Curiously though, he also says most of the voters he speaks with never understood why the GOP was so opposed to those practices in the first place.
“They never saw it as illegal. You had Trump, DeSantis, McDaniel, and other public figures saying it’s illegal, and it wasn’t illegal,” he said. “Here in Nevada, we lost a ton of seats because of that. The Party shot themselves in the foot and the Democrats sat back and loved every minute of it because they knew they didn’t have to worry about Republicans ballot harvesting.”
Mr. Frederick then recalled how the GOP’s opposition to early voting also cost Republicans in Nevada because the day before election day in 2020, they got “about a foot of snow.”
“Most people didn’t go out and vote.
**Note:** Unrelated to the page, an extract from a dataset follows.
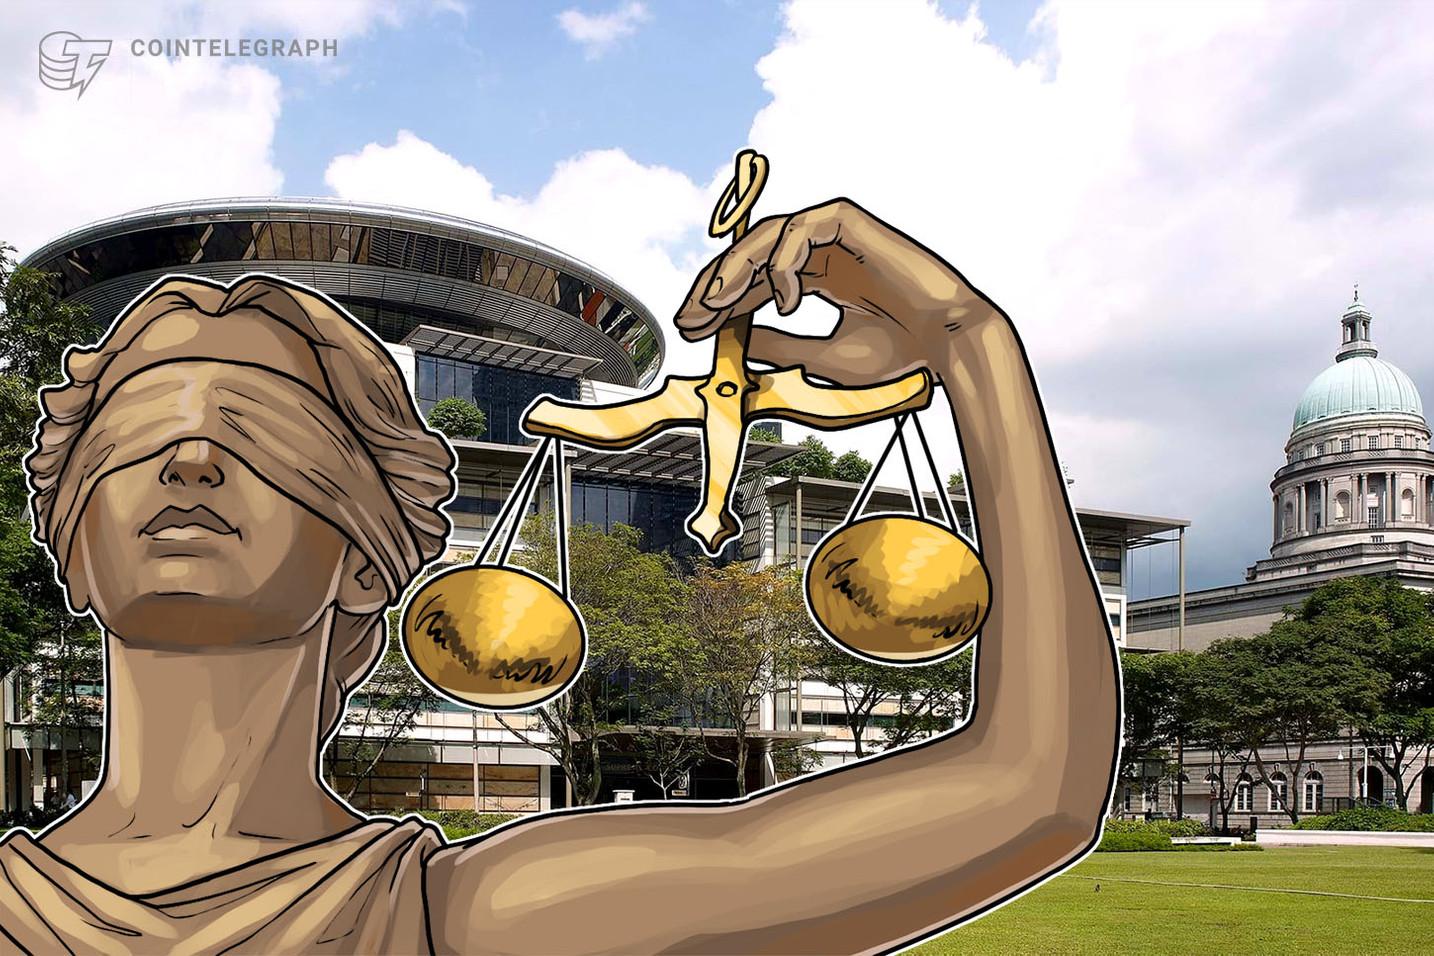 Singapurs erstes BTC-Gerichtsverfahren: Liquiditätsanbieter verklagt Kryptobörse auf 12 Mio. Euro

So all of those Democrats who mailed in their votes had the jump on everybody,” he said.
He also believes the GOP will likely face endless lawsuits after “election season” simply because they aren’t experienced with ballot harvesting.
By the Numbers
The National Conference of State Legislators shows that 31 states authorize someone other than the voter to return a ballot for them.Arkansas, Colorado, Florida, Louisiana, Minnesota, Montana, New Jersey, Oklahoma, and West Virginia have essentially banned ballot harvesting in their states by limiting the number of ballots an individual may deliver on a voter’s behalf. Florida and Louisiana only allow a family member to deliver a ballot on a voter’s behalf. Oklahoma “prohibits ballot harvesting entirely.